Donna and Dara have written a book.
[00:03:05] Nina: They have a really robust business and we talked about hobbies and friendship preparing for the empty nest, they were just a pleasure to talk to and here they are. Hi Donna and Dara. Welcome to Dear Nina.
[00:03:16] Dara: Thanks so much for having us.
[00:03:18] Nina: you guys have such an interesting story that I want you to tell yourselves. I really think will also be an inspiration to listeners in so many different levels because your business having to do with mahjong and canasta speaks to people having hobbies and other things, but also just the very fact that you started this business maybe a little later in life. This wasn’t something you were doing when you were 25 years old is in itself. Inspiring. which one of you would like to tell your business slash friendship story? Really?
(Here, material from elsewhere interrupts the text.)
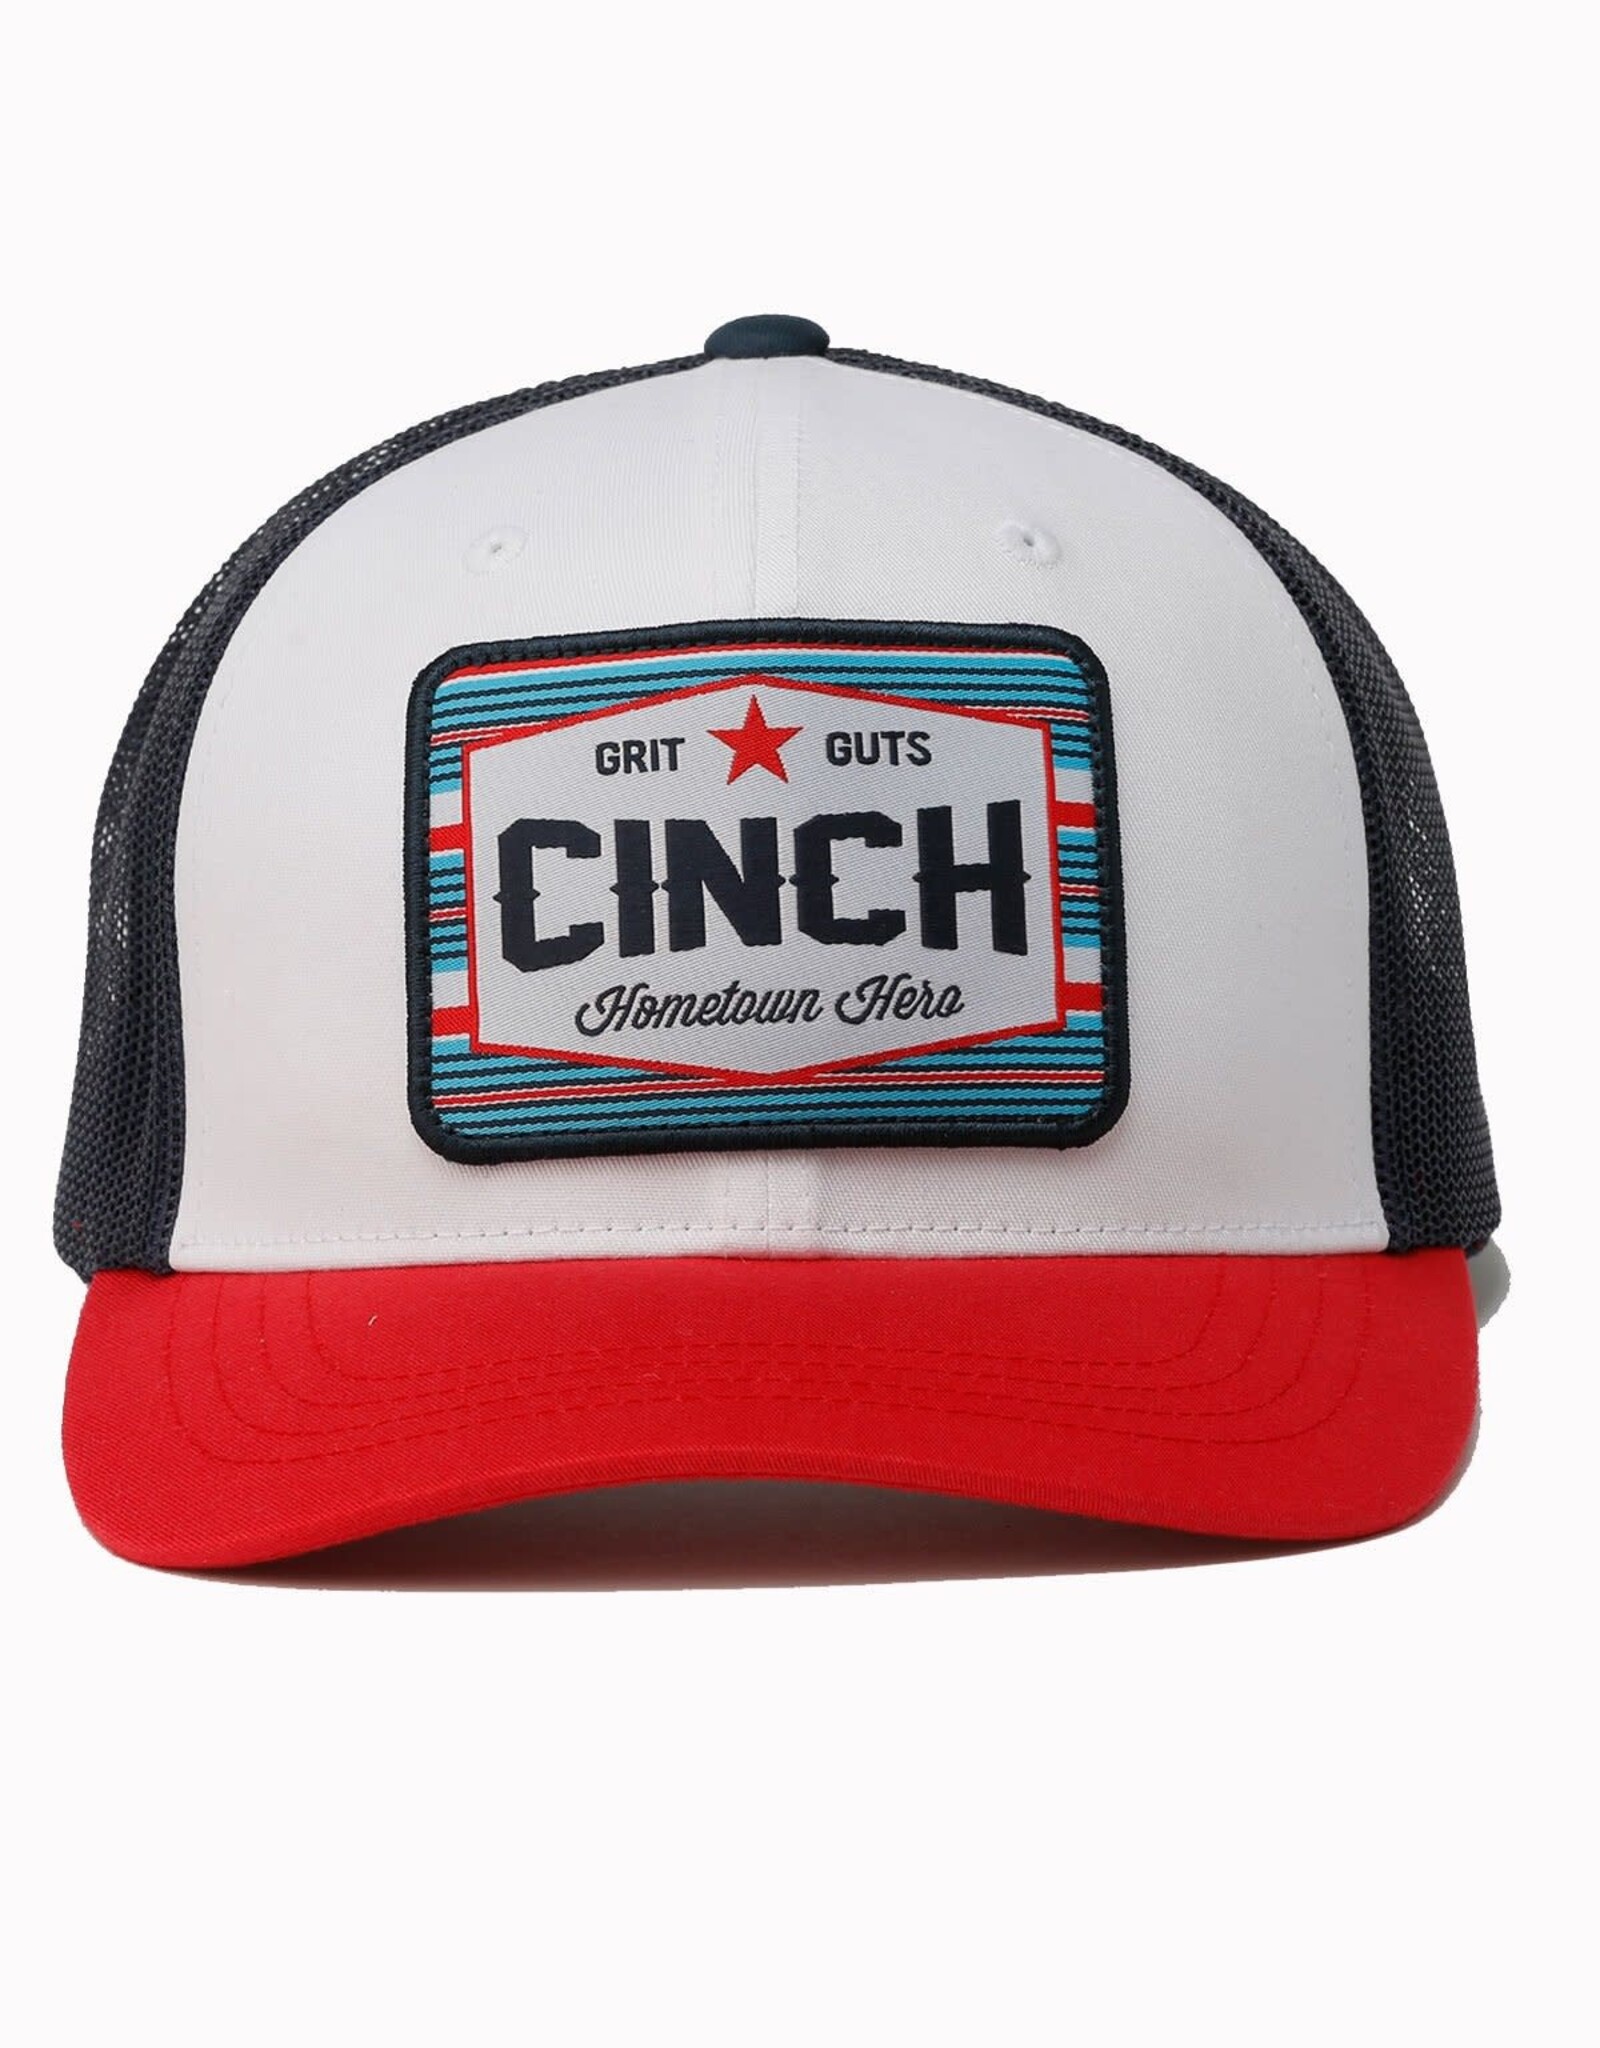 Cinch Cinch Red White Blue Grit Guts Mesh Trucker Ball Cap
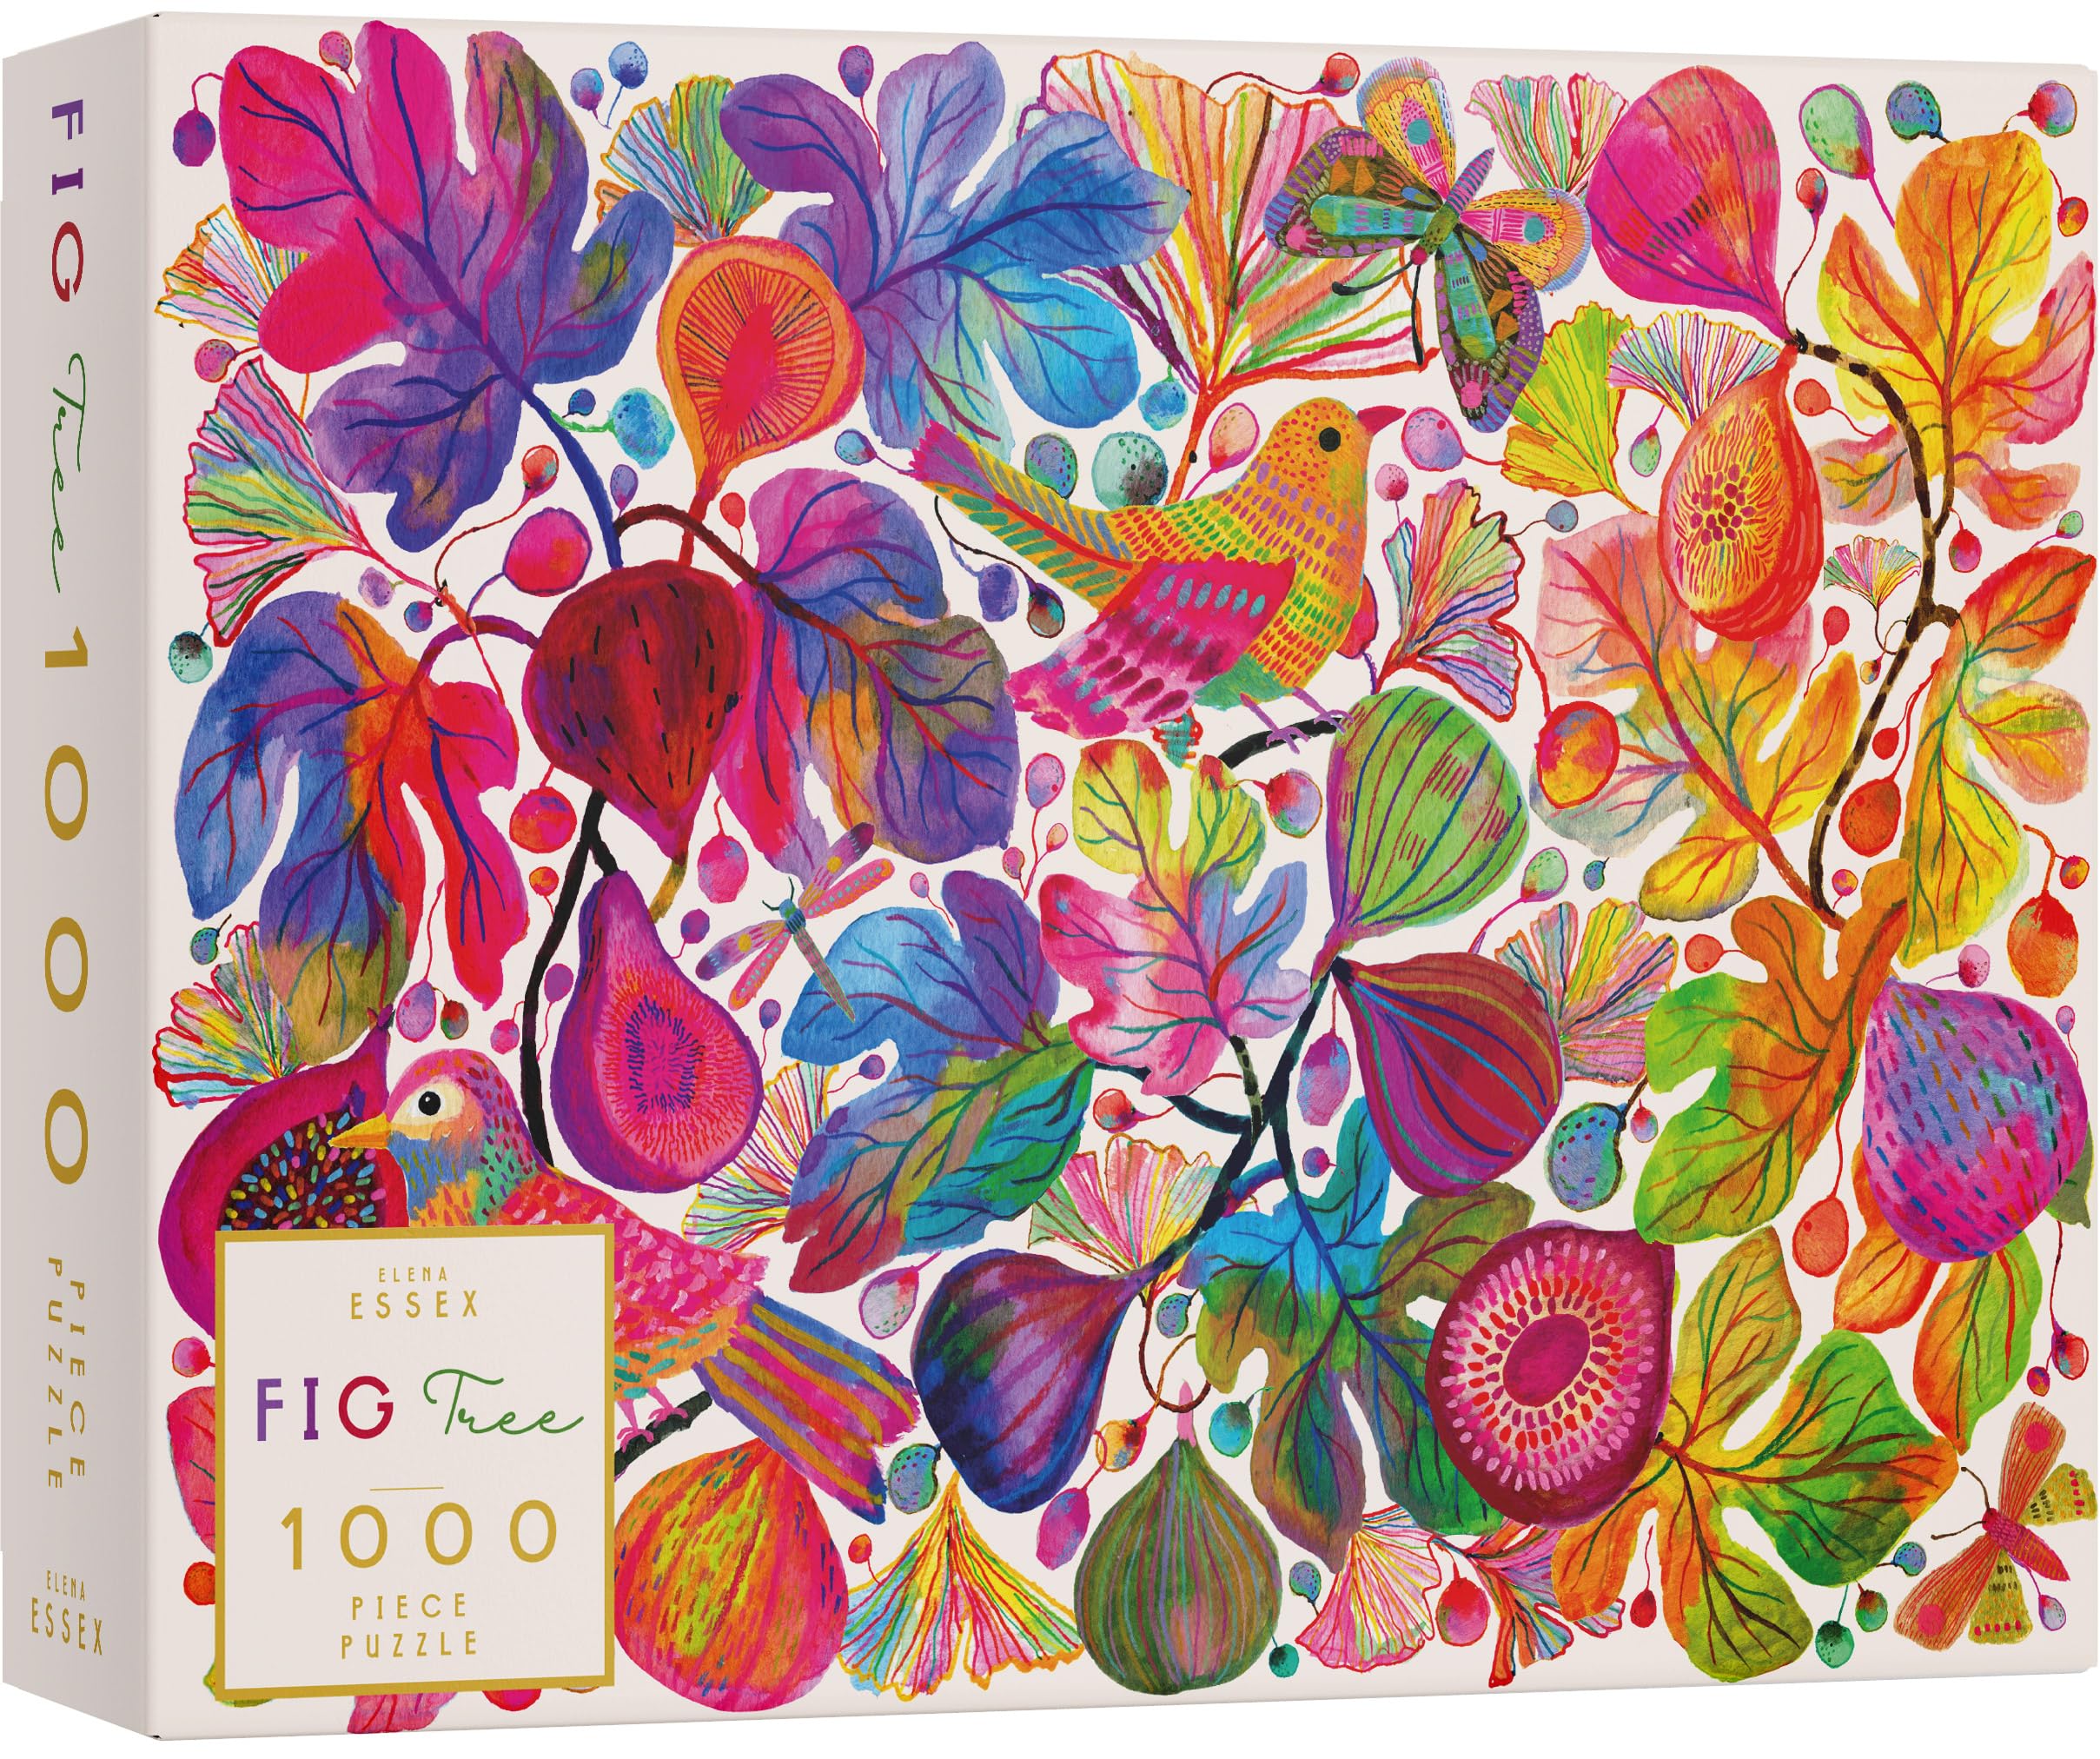 Promo Elena Essex Puzzles 1000 Pieces pour Adultes – Figuier | Puzzle | Puzzles pour Adultes 1000 | Puzzle d´oiseau Floral coloré | Puzzles de 1000 pièces Taille 68x49cm tfrTJHCGm grand

[00:03:48] Donna: It’s interesting because Dara and I went to rival high schools when we were younger. but Dara is 7 years younger than me, so I wouldn’t know her anyway. Then we went to the same law school, but again, Dara was younger than me. We didn’t really meet until our firstborn kids went to preschool. So we met as parents, we did a lot of events at our children’s school in PTA. We wrote a cookbook. We got donors for carnivals. We raised a lot of money for the school. So then at that point, we knew that we could work together well. So we were friends and then became business partners.
My story is a little different than Dara’s. So I was a practicing attorney. First kid, it was doable. Second kid came along. My father passed away. My mother got sick and it just became too much. So I retired basically and stayed home to help take care of my mother and my children. And I started to learn mahjong. Dara can tell where it goes from there.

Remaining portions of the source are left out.